Most AI integration projects fail at L1. They skip it. They start by connecting to the biggest system they have and end up with a one-system answer to a 6-system question. L1 is the work you do before writing any ingest code: identify which sources hold the data needed to answer the questions the business actually has.
Start with questions, not systems. The cross-system question — which of our highest-value customers are the ones we're failing to serve and who have already complained? — needs data from 4–8 sources joined together. Map every source, write down its freshness SLA, write down its owner. Do this on a whiteboard before any code ships.
Most teams' first move on an AI integration is to connect to the system they know best — usually their CRM — and try to make AI features work from there. Six weeks later, the AI keeps giving incomplete answers because half the relevant data lives somewhere else: billing in Stripe, support in Intercom, product use in Mixpanel, ad spend in Meta Ads. The team didn't skip the data work; they skipped scoping the data work.
L1 is the audit. List every source. List every question the business needs answered. Map each question to the sources that hold the answer. The 25-source number scares people but it's typical for any operating business at scale — DTC, SaaS, services, healthcare, financial services, all the same shape.
The single-customer demo we trace through every layer of this playbook: Sample Customer 4287, returning customer, ~$2K LTV, recent stalled order, just emailed support, active subscription, recent email engagement. Question: should we proactively reach out before she churns? The answer requires 6 sources — Shopify (order), warehouse (fulfillment), carrier API (tracking), Gorgias (support ticket), Recharge (subscription state), Klaviyo (engagement). No single SaaS can answer this. The lake makes it answerable. L1 is where you map the 6 sources.

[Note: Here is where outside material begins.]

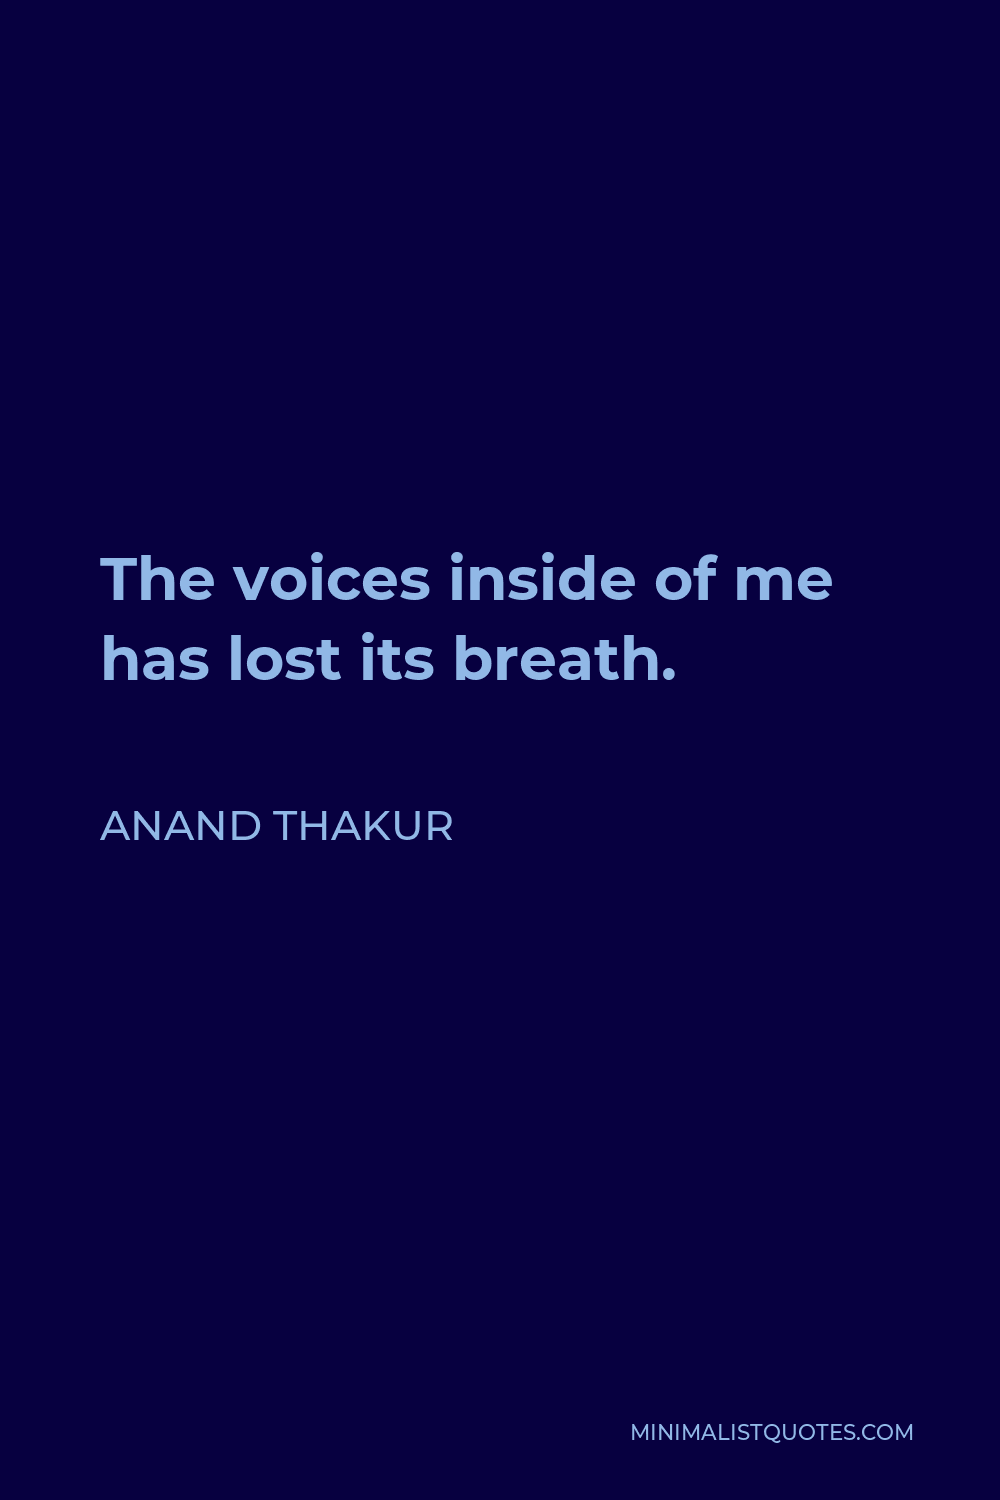 Anand Thakur Quote - The voices inside of me has lost its breath.

The 6-source pattern isn't DTC-specific. SaaS: high-MRR account showing churn signals → CRM + product telemetry + support + billing + email = 5 sources. Services: top-decile client with overdue invoice + missed status → CRM + PSA + invoicing + email + project tracker = 5 sources. Healthcare: high-utilization patient with missed follow-ups → EHR + scheduling + billing + clinical notes = 4 sources. The 25-source rule applies everywhere.
Good answer: a structured discovery — list every business question that matters, map each to the sources required, flag the long-tail sources that get skipped at most shops. Bad answer: tell us what systems you have, we'll connect to those. If a vendor pitches you a 5-source build for a 25-source business, they're either inexperienced or optimizing for a fast close. Either way, that's the conversation to have before signing.